Marks Marks 1900: 4.80 1903: 3.88 1901: 4.07 1904: 3.91 1902: 3.82

Thus wages fell 25% within a space of three years! Did the cultural standard of the miners also fall by 25% in this short period (* We assume that the real wage fluctuated with the money wage. Otherwise the so-called "German Currency Standard" is simply a fraud.)? Or did they lapse into the barbarism of total abstinence? Abstainers manage with less money, which would be an excellent reason for further reducing the minimum wage to the level of the cultural standard of total abstinence. But here the question arises why our rulers are not more enthusiastic supporters of the abstinence movement. Were it possible by means of total abstinence to reduce wages in favour of unearned income, the manufacture and sale of alcoholic drinks would be quickly prohibited ! But our rulers know better: Beware of your abstainers ! Without intoxicants a people cannot be "governed".

In a word, the minimum cultural standard of existence is humbug, and so is the iron law of wages. Wage movements take no heed of the standard of civilisation. The increase of wages which the workers imagine they have "wrested" for good from their employer is lost again tomorrow if business takes an unfavourable turn. If, on the other hand, the market improves, the increase of wages will automatically fall to their lot without a struggle and even without their demanding it, just as the higher price of wheat falls to the farmer without a struggle, when the prospects of the American harvest are reported to be poor.
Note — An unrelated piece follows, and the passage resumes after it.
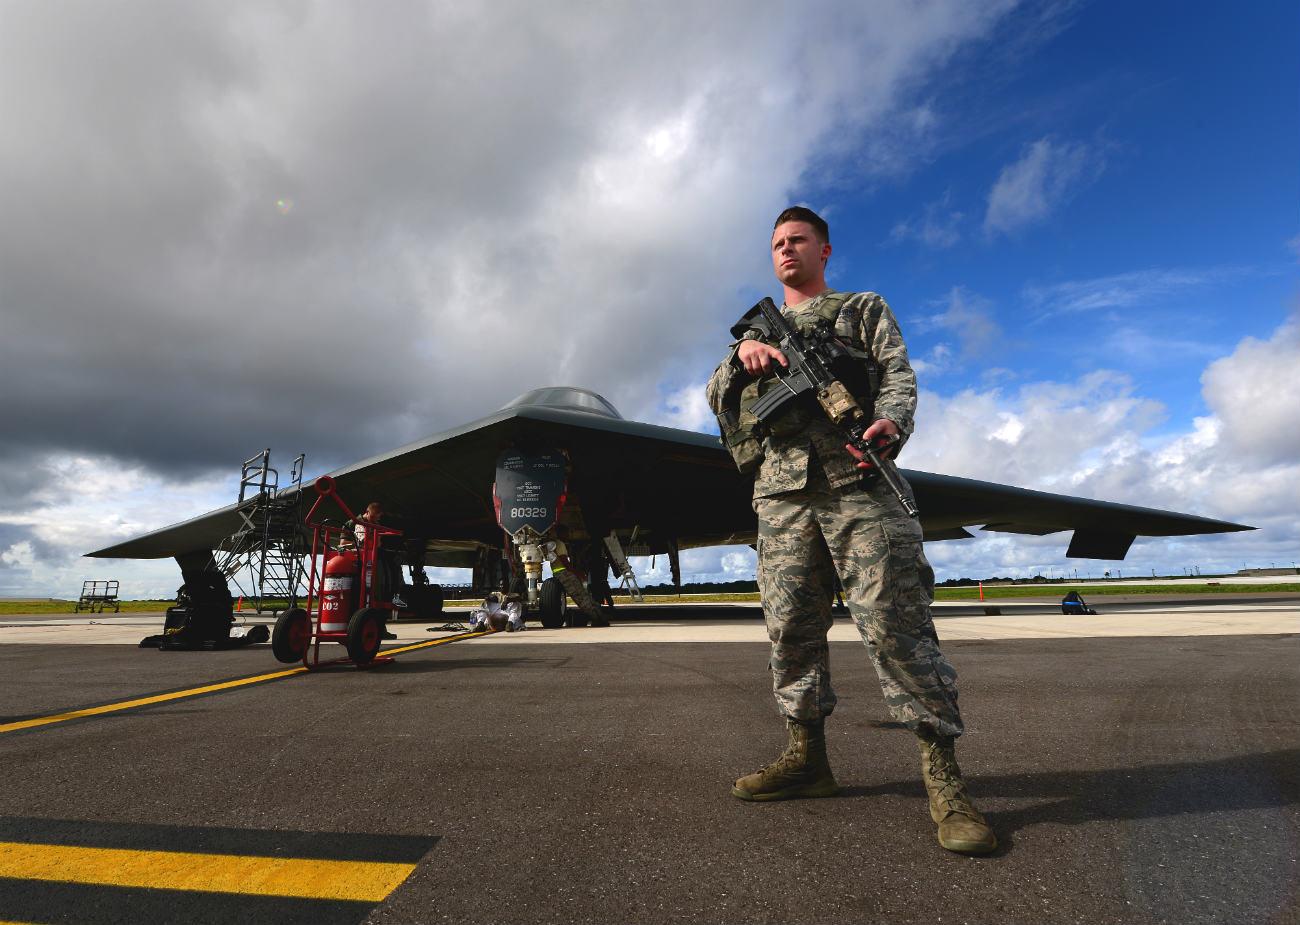 B-2 Spirit Aircraft Guarded
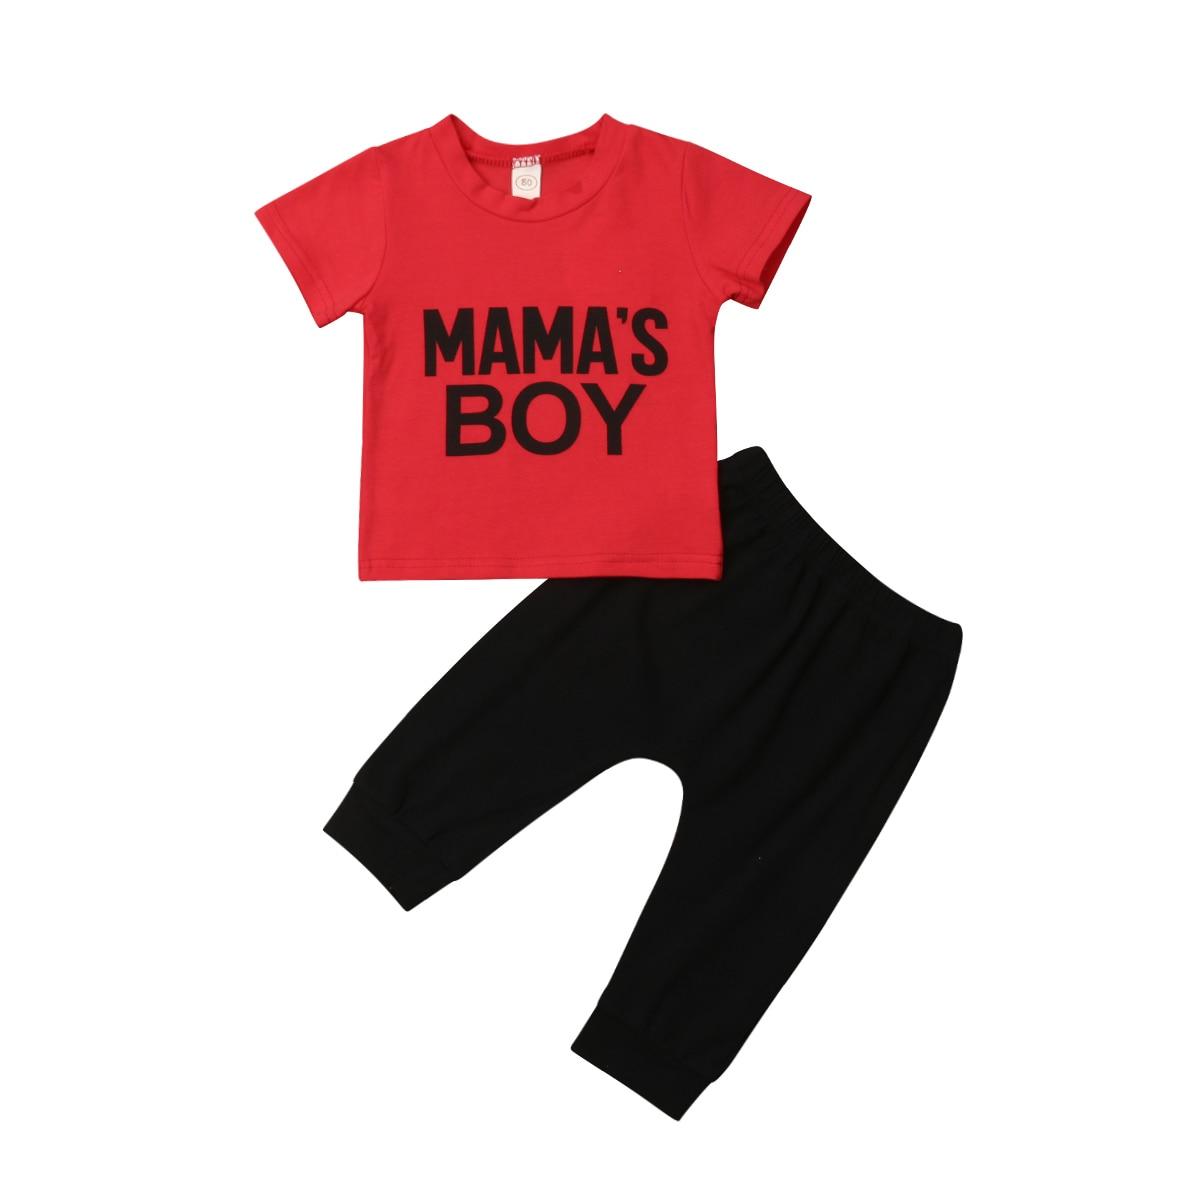 0-4y Kleinkind Kinder Baby Jungen Sommer Kleidung Kurzarm Baumwolle T-shirt Tops Harem Hose 2 Pcs Outfits Jungen Kleidung Set

For what are wages ? Wages are the prices paid by the buyer (employer, merchant, manufacturer) for the goods supplied him by the producer (worker). This price, like the price of any commodity, is determined by the prospective selling price. The selling price. less rent on land and capital-interest, is the so-called wage. It follows that the law of wages is contained in the law of rent on land and the law of capital interest. The commodity, less rent and interest, is the wage. There is, then, no special law of wages. The word wage is a superfluous term in economic science, for wage and price are one. If I know what determines the price of commodities. I also know what the worker obtains for his produce.

(* In the last part of this book I shall show that the owner of the meant of production (manufacturers) are simply pawnbrokers - a fact now. Indeed, generally admitted.)

Free-Money has opened my eyes to all that; it has liberated me from my illusions about so-called "value", the very existence of Free-Money being a tangible refutation of all theories of value and of the very belief in value. And the belief in value being disposed of, the conception of "labour" went overboard, being wholly superfluous for an examination of economic laws. What is labour ? Labour cannot be measured by the movements of the arms, or by the degree of fatigue, but solely by the produce of labour. James Watt in his grave does more work today than all the horses alive. it is not the labour, but the result of labour, the product, that matters. The product is the thing bought and paid for, as is clearly demonstrated in the case of piece-work. And at bottom all labour is piece-work.

But to buy commodities is to exchange commodities. Economic life therefore resolves itself into a series of exchange-transactions, and all terms such as "wages", "value", "labour" are simply superfluous circumlocutions for the two basic conceptions "commodities" and "exchange".